### EXERCISE AIM
With the pictures left out, transcribe exactly the lines from the one with "Fundo da arquitetura" through the end of the data.

### GIVEN INFORMATION
---
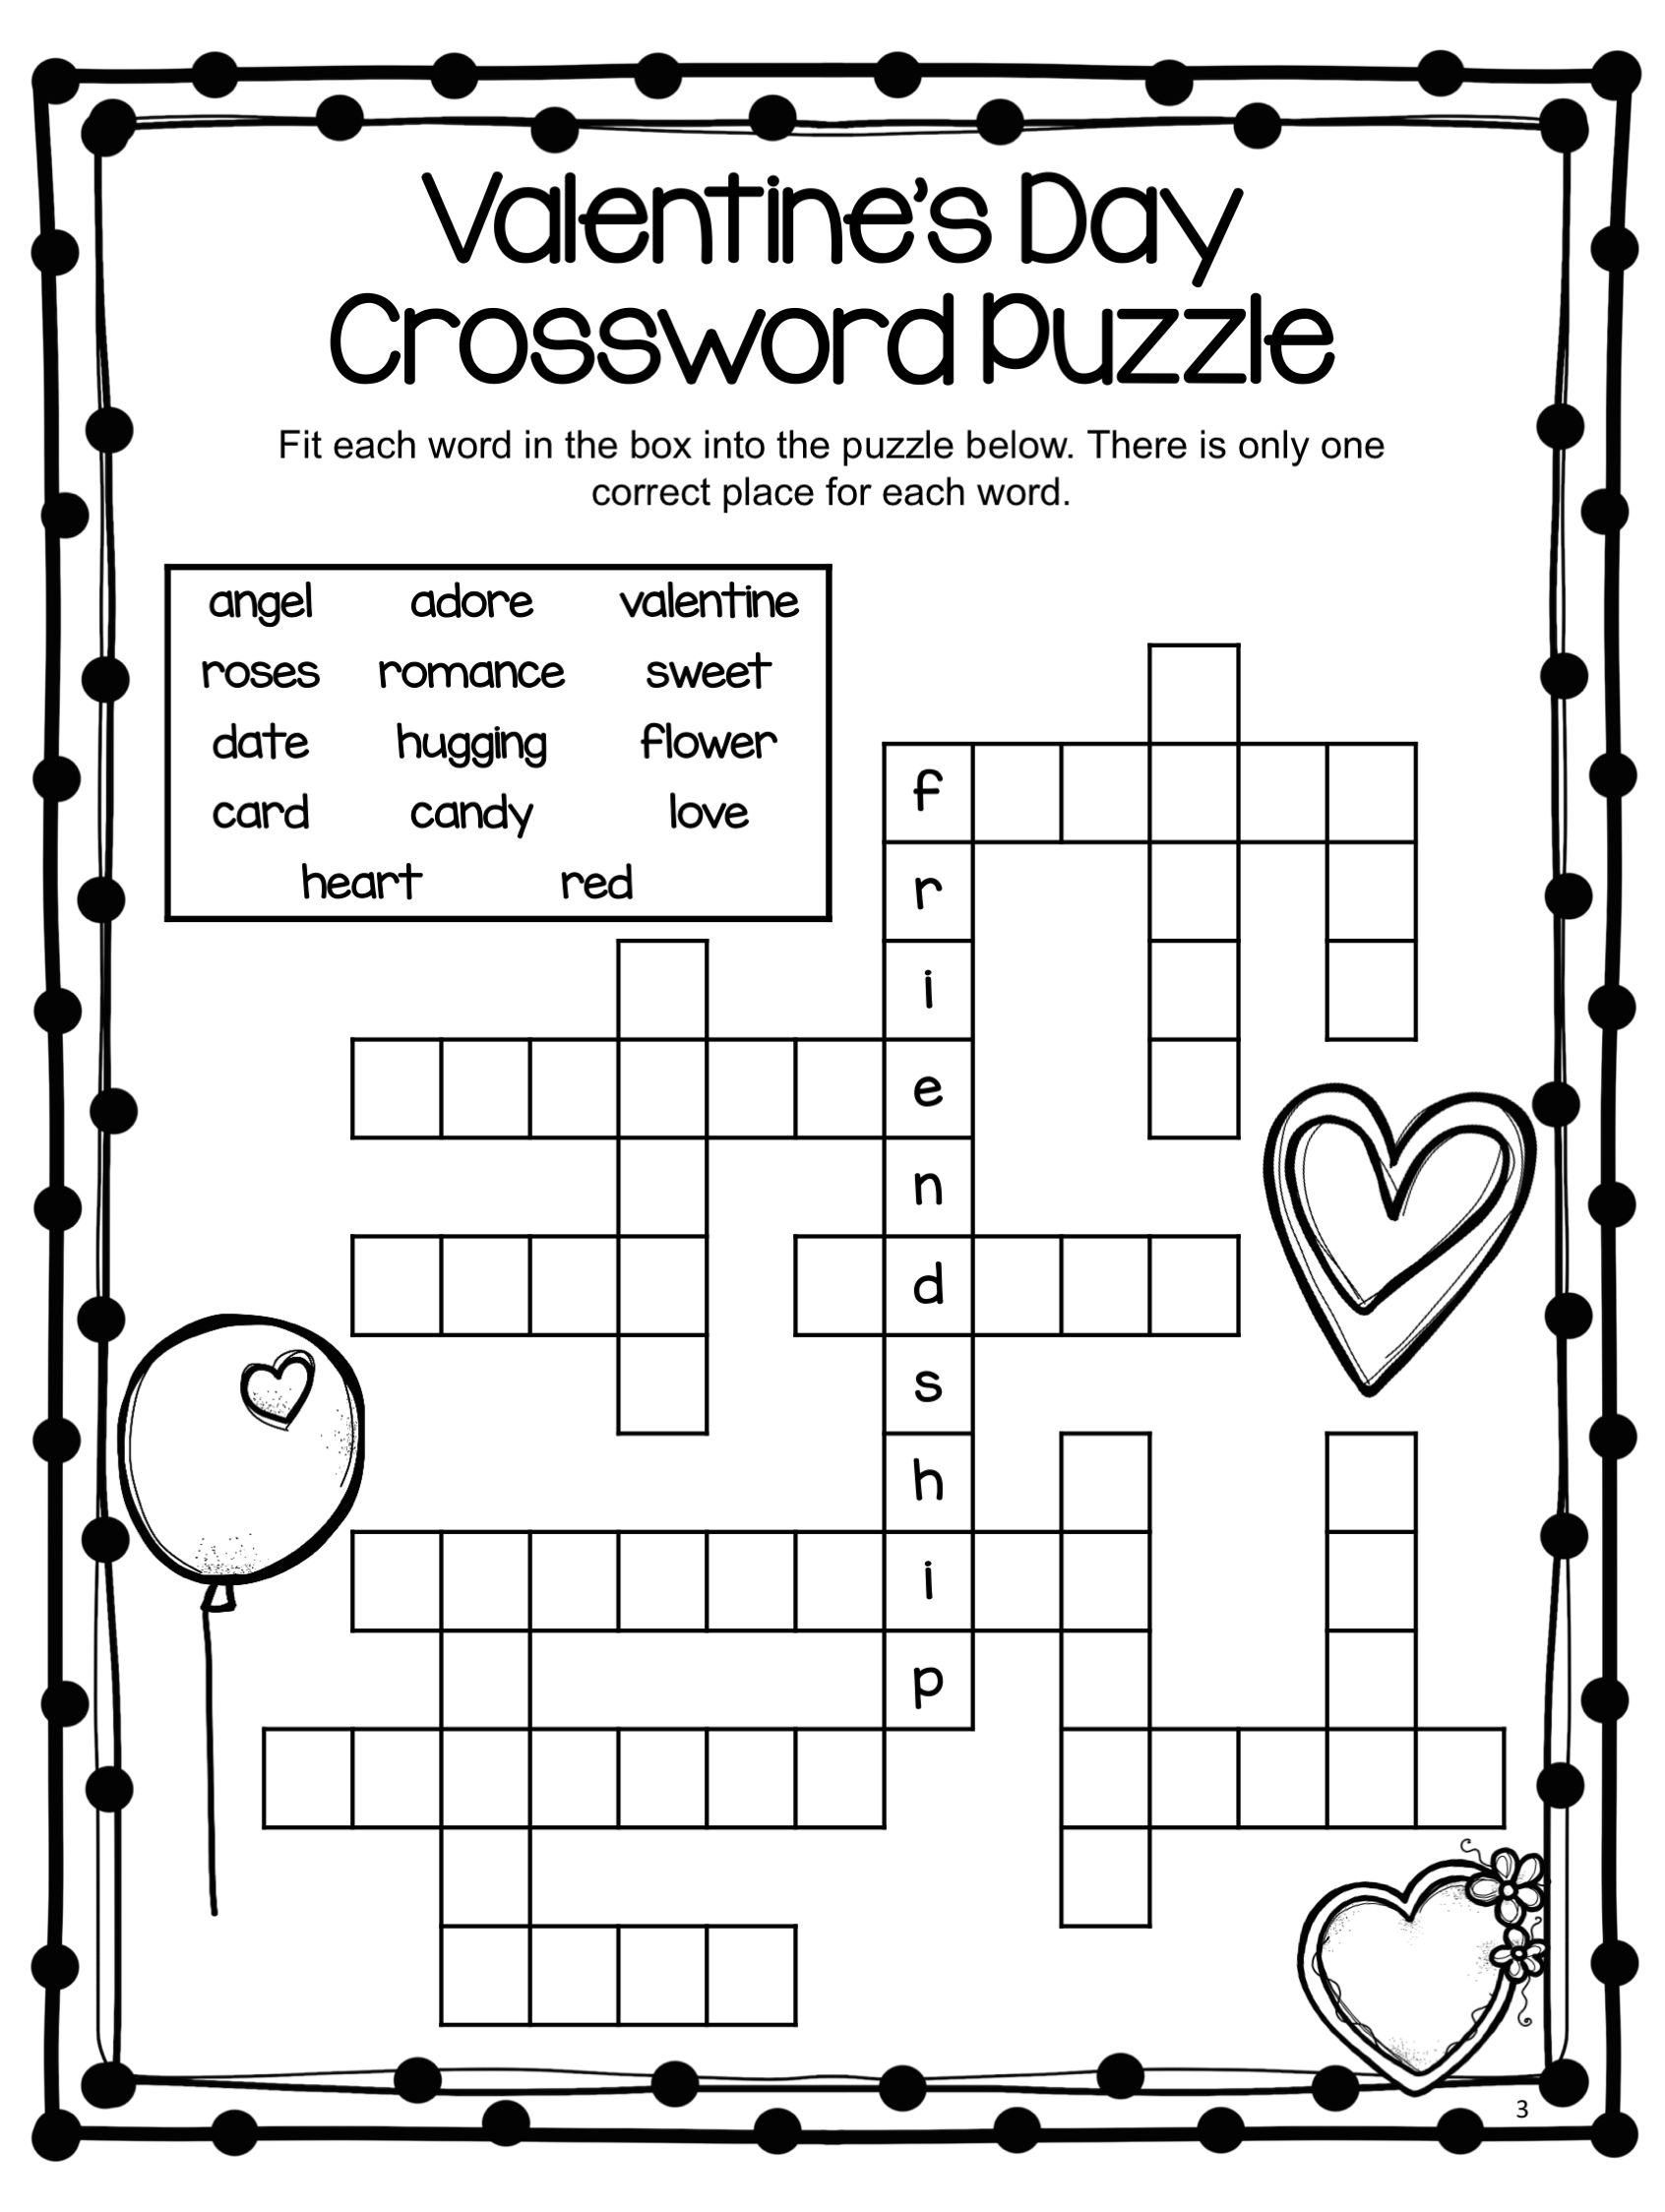 valentines-crossword-puzzles-free-printable-printable-crossword-puzzles
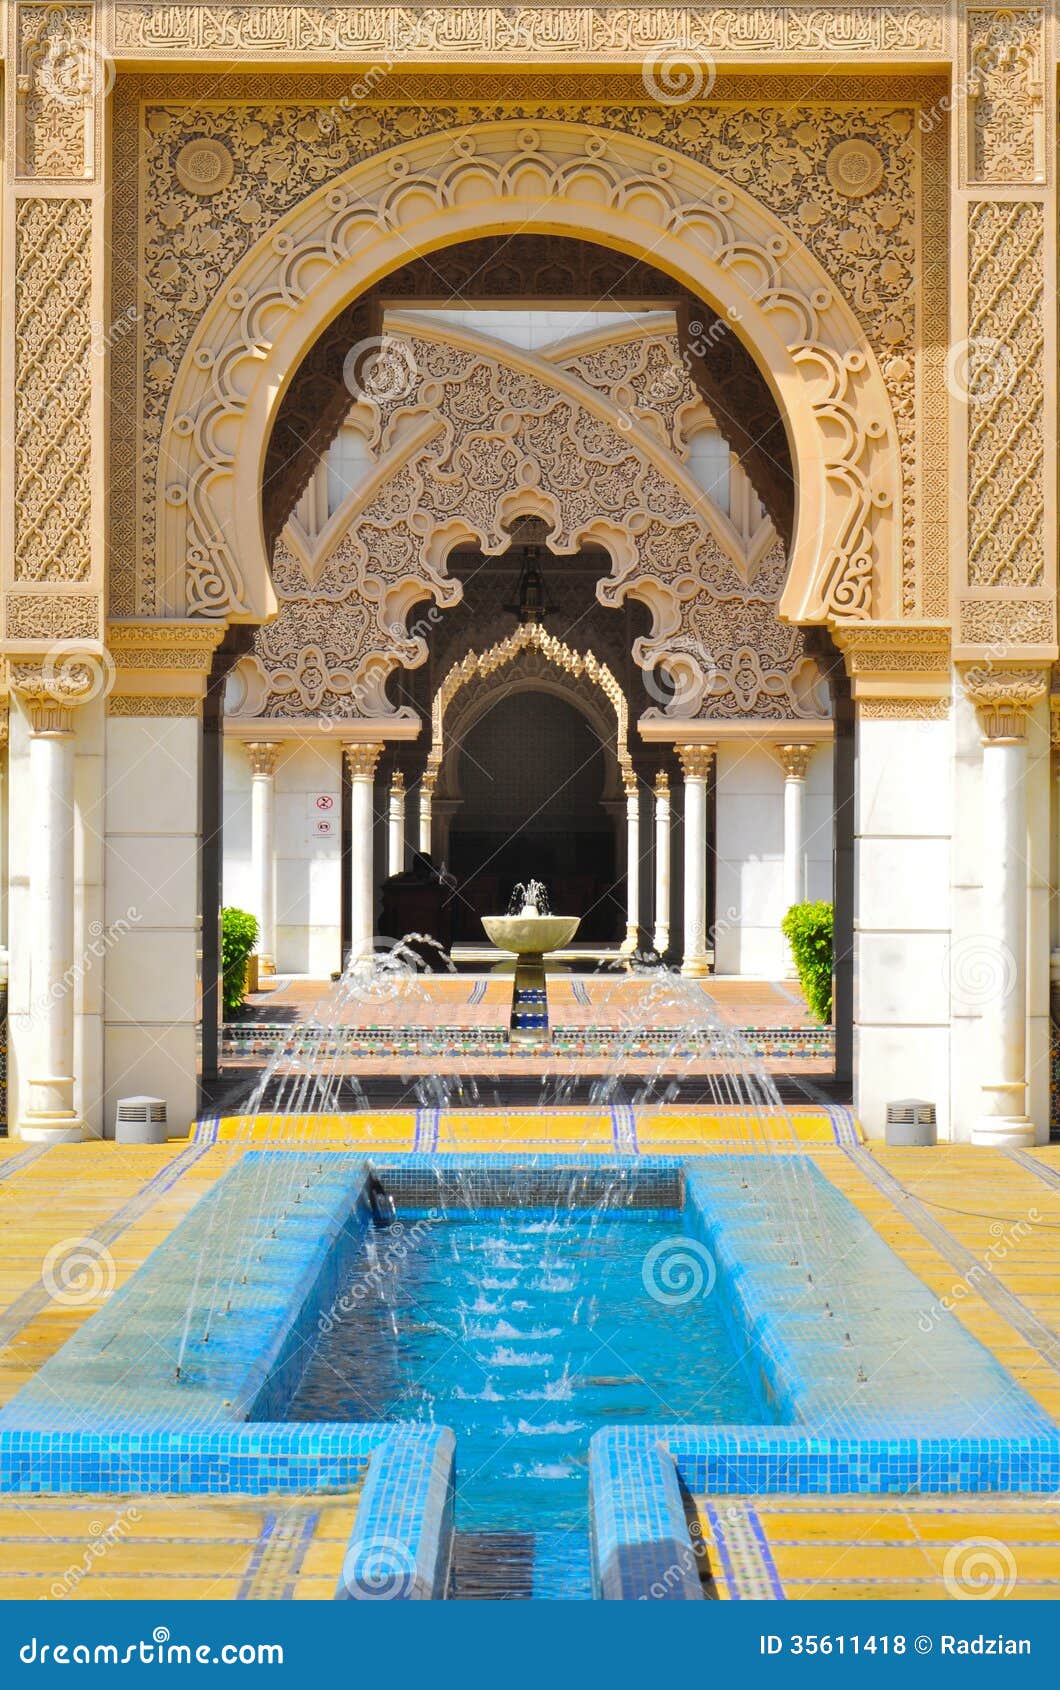 Fundo da arquitetura islâmica do detalhe. Arquitetura marroquina do detalhe do palácio do al-hambra. A imagem mostra uma porta beatifully decorada do palácio.
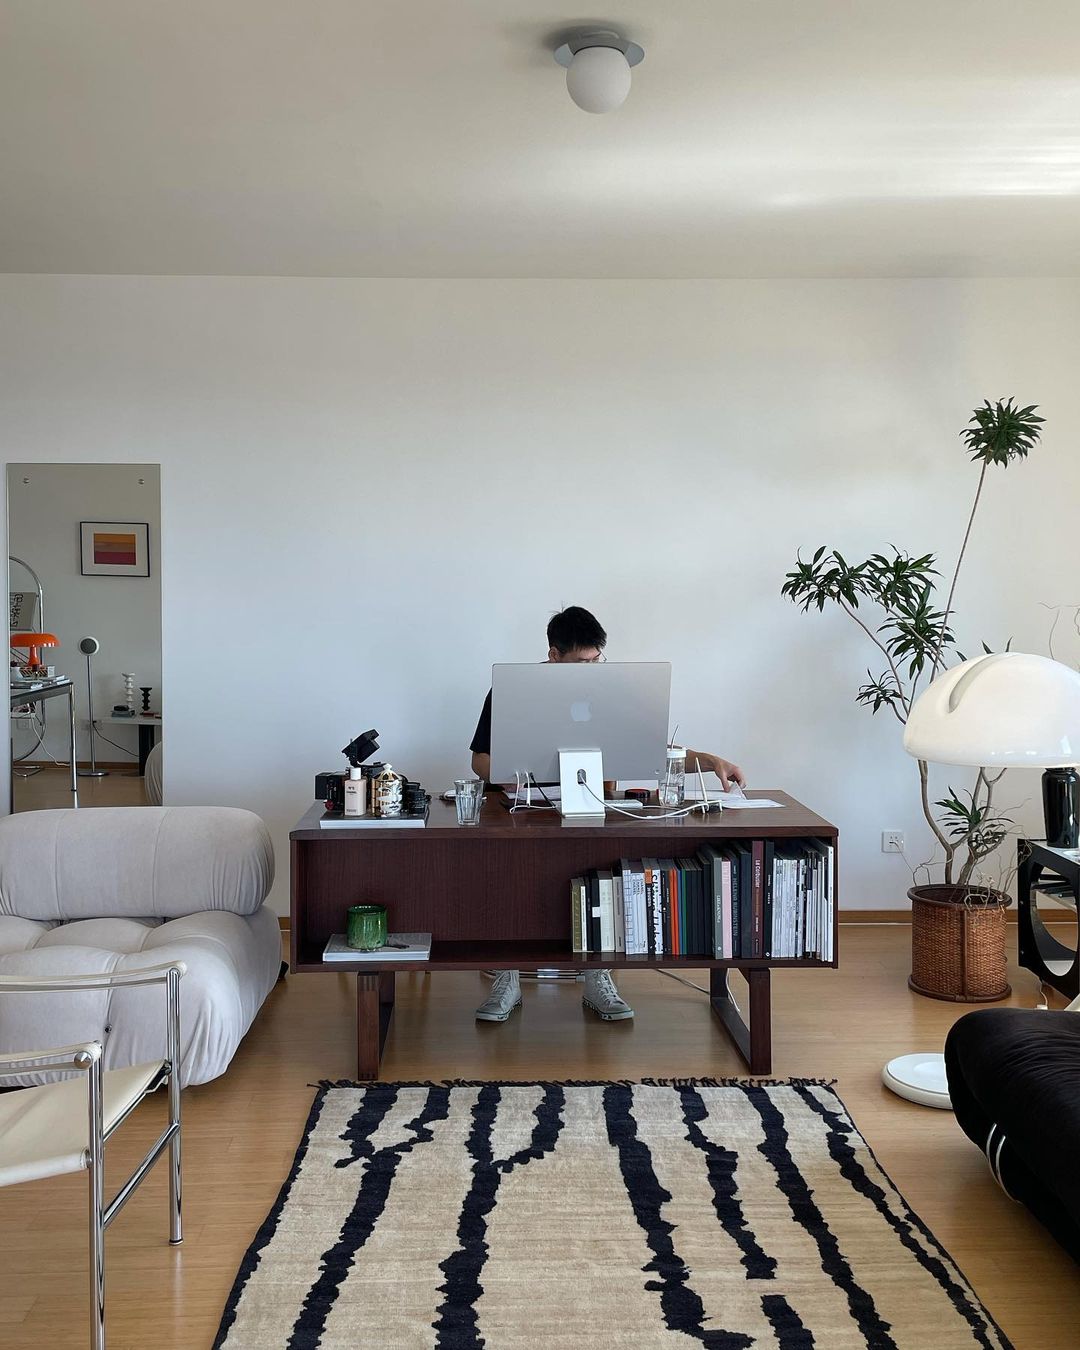 Décor Inspiration | At Home With: Savi of @savislook
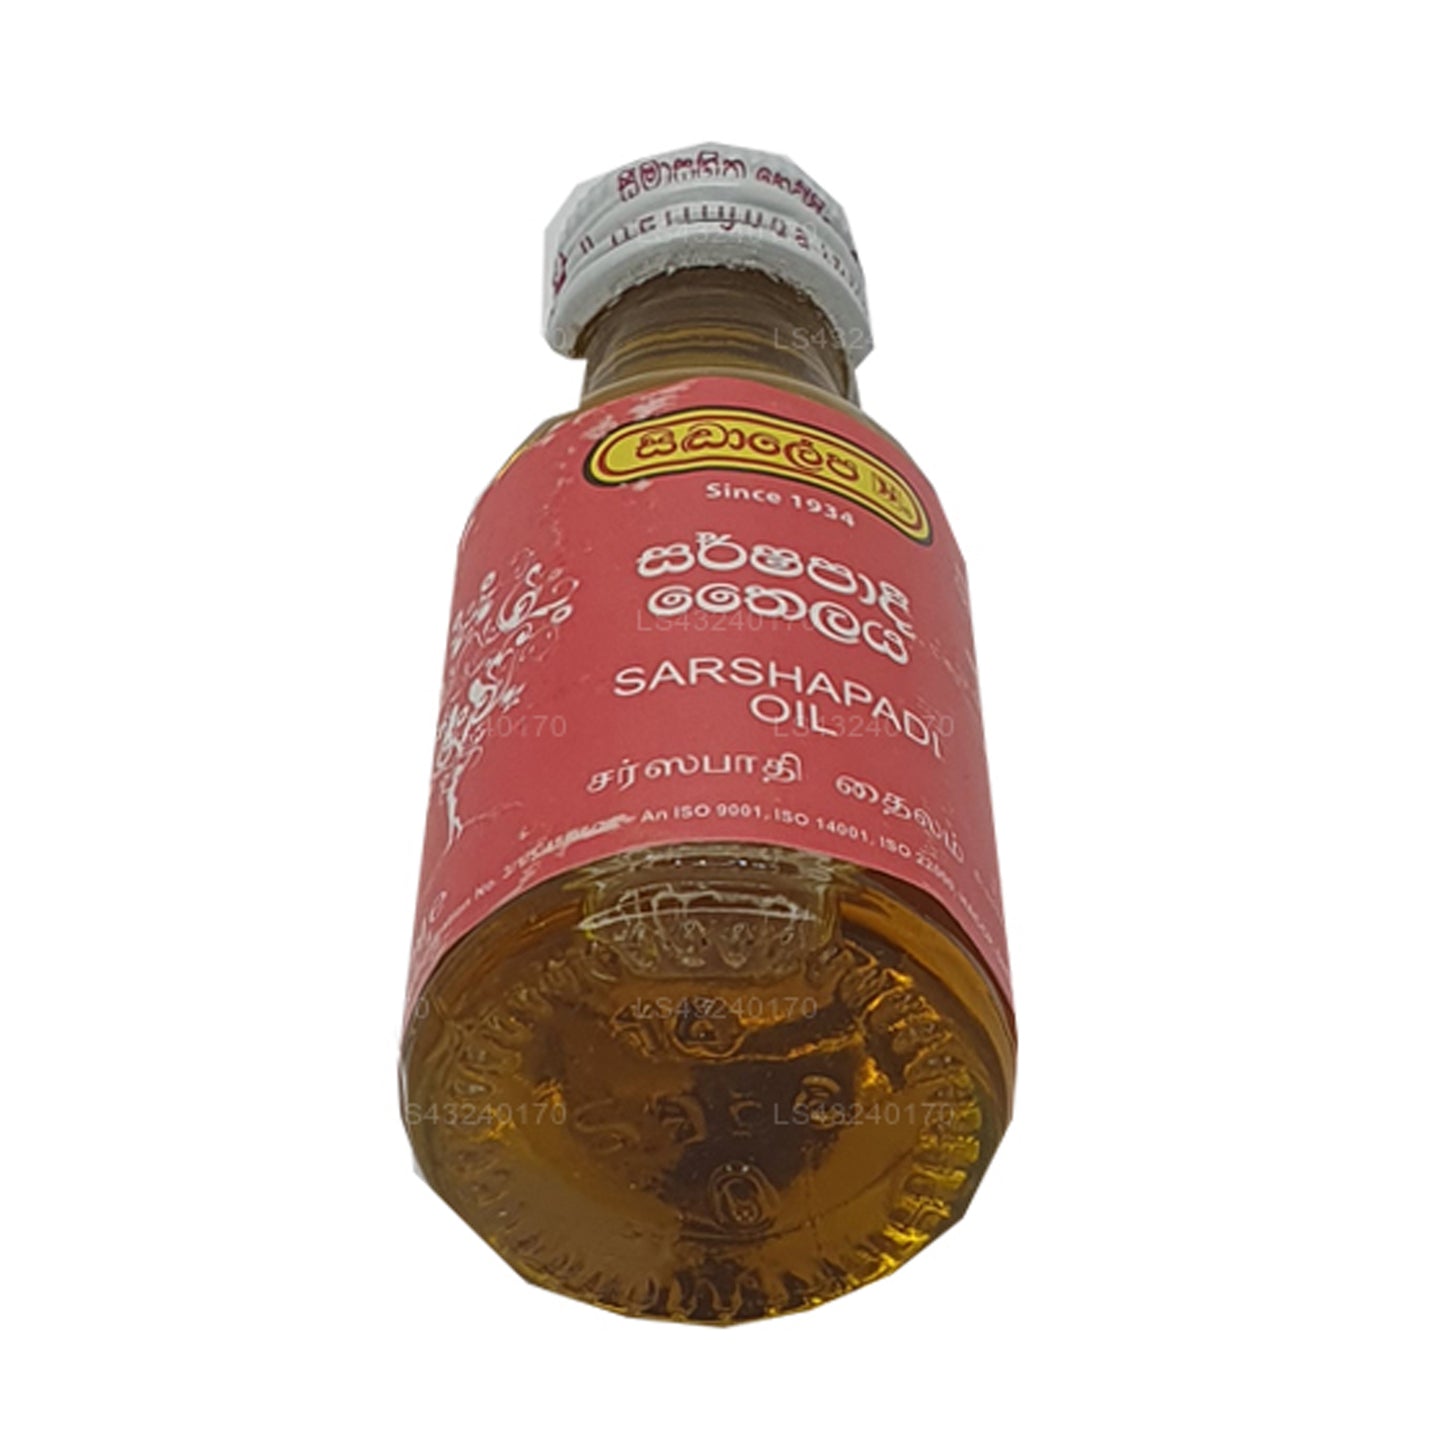 Siddhalepa Sarshapadi Öl (30 ml)
---
### WRITTEN RESPONSE
 Fundo da arquitetura islâmica do detalhe. Arquitetura marroquina do detalhe do palácio do al-hambra. A imagem mostra uma porta beatifully decorada do palácio.
 Décor Inspiration | At Home With: Savi of @savislook
 Siddhalepa Sarshapadi Öl (30 ml)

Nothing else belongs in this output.